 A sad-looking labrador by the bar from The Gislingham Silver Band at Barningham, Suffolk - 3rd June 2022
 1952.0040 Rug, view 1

...

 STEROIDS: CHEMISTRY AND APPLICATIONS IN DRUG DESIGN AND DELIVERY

* * *

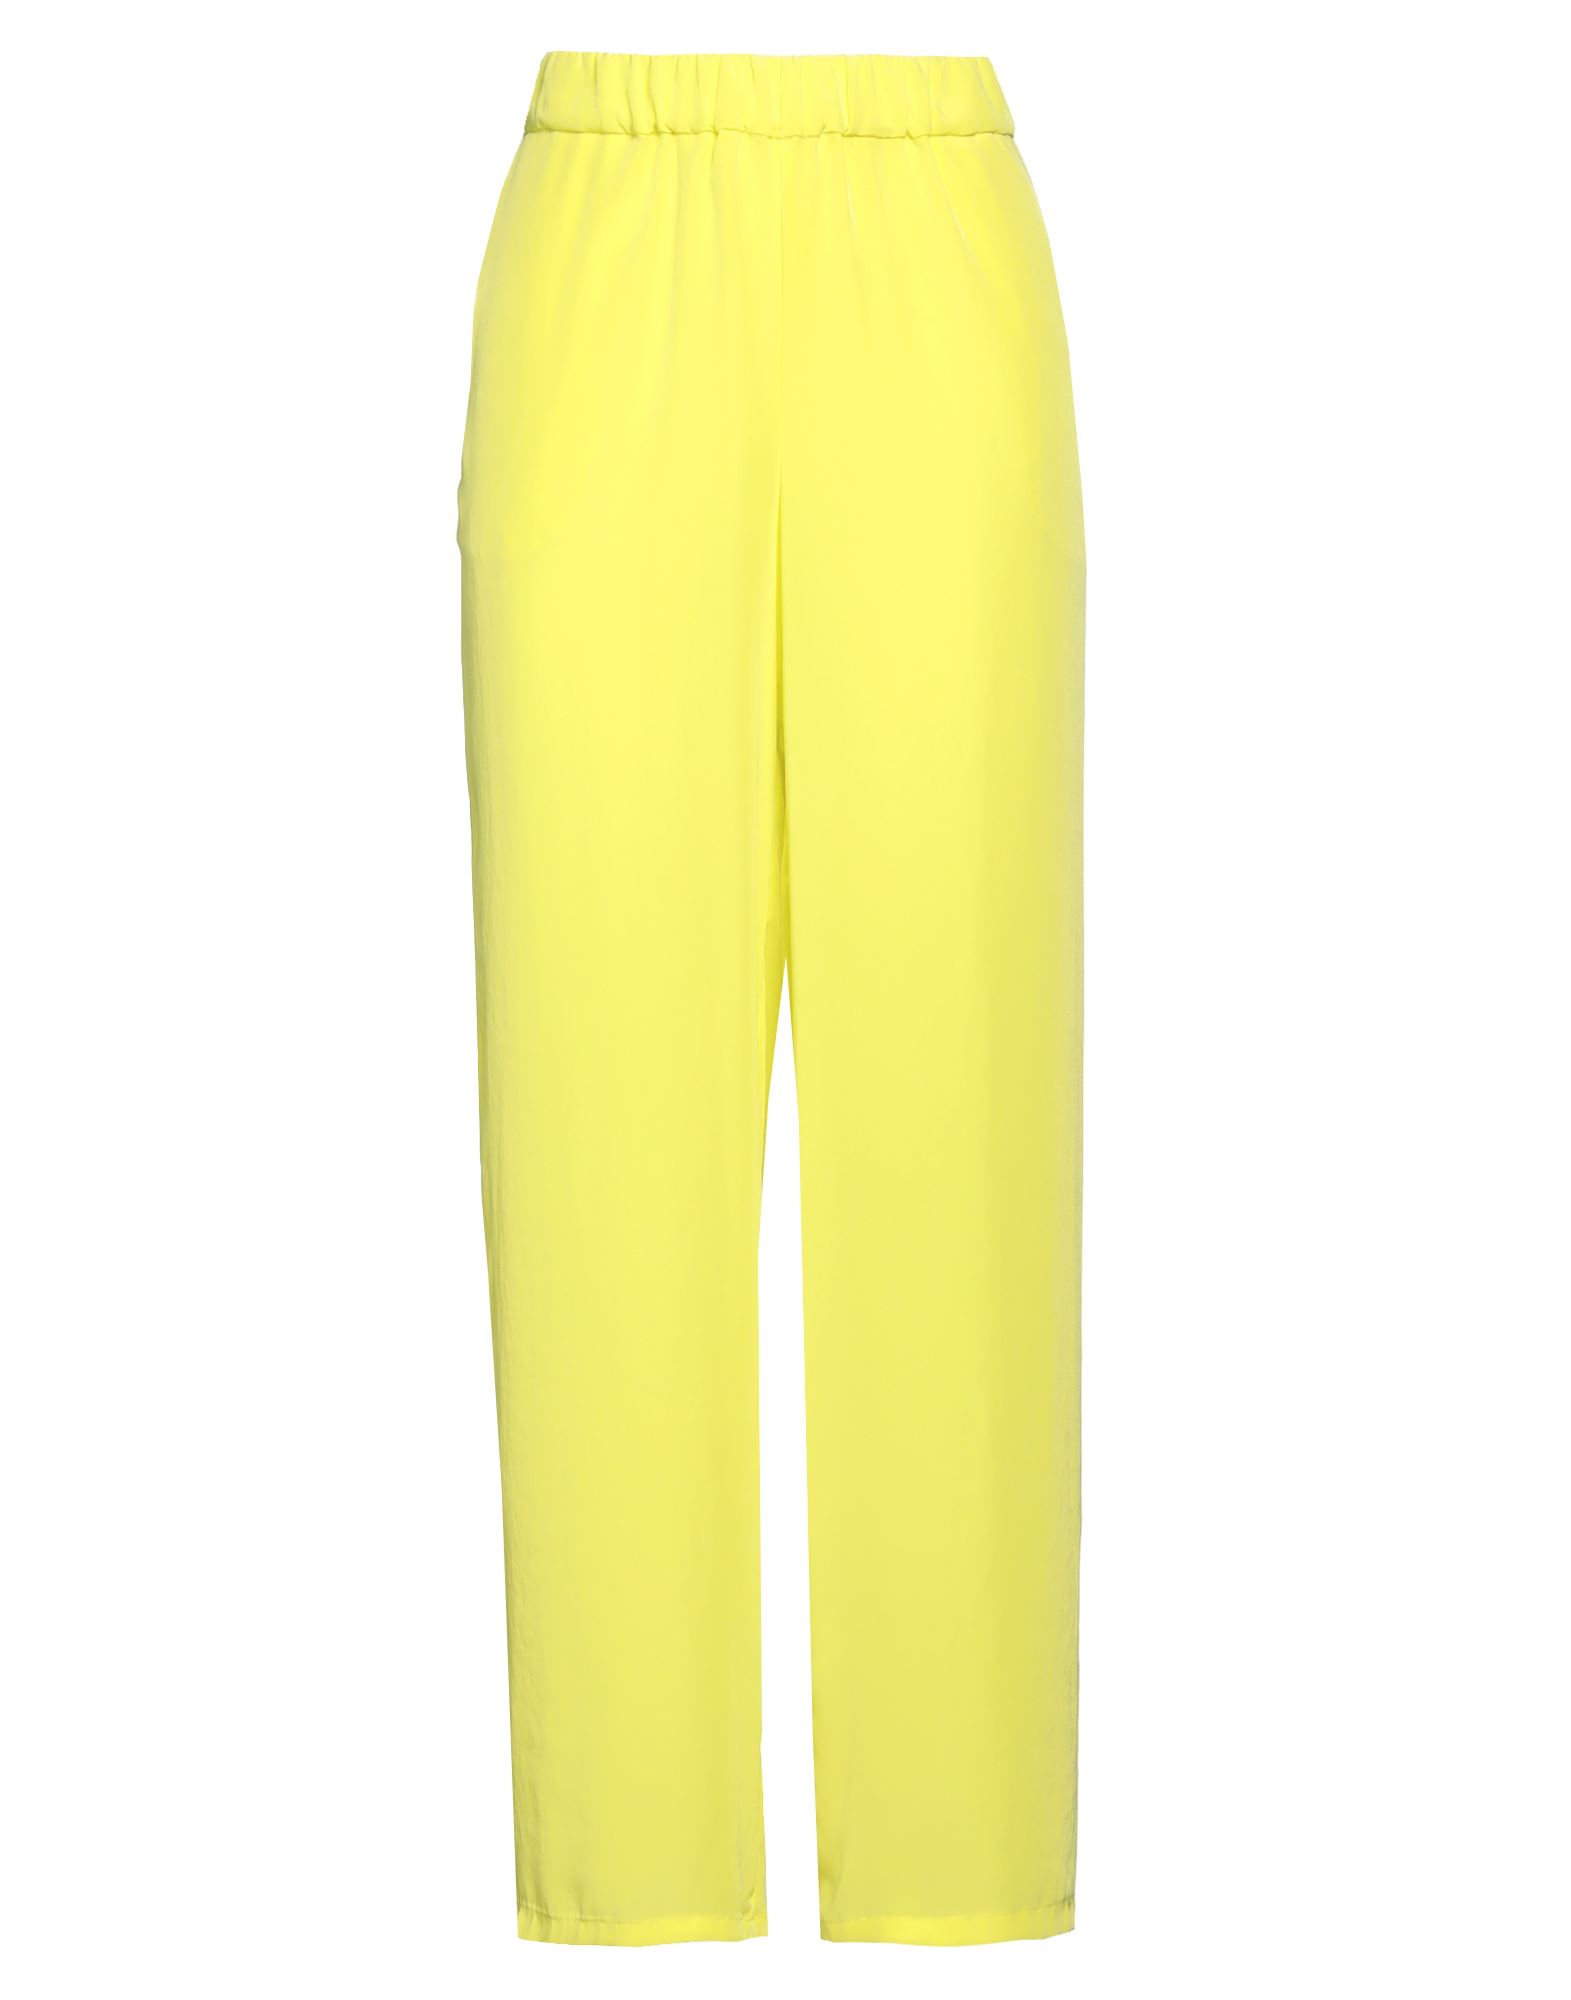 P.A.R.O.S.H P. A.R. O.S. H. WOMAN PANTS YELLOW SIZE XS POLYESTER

▶ _Assignment_
After locating the line holding "A sad-looking labrador" above, output exactly that line and every line after it through the line holding "1952.0040 Rug, view 1". Include nothing else.

▶ _Output_
 A sad-looking labrador by the bar from The Gislingham Silver Band at Barningham, Suffolk - 3rd June 2022
 1952.0040 Rug, view 1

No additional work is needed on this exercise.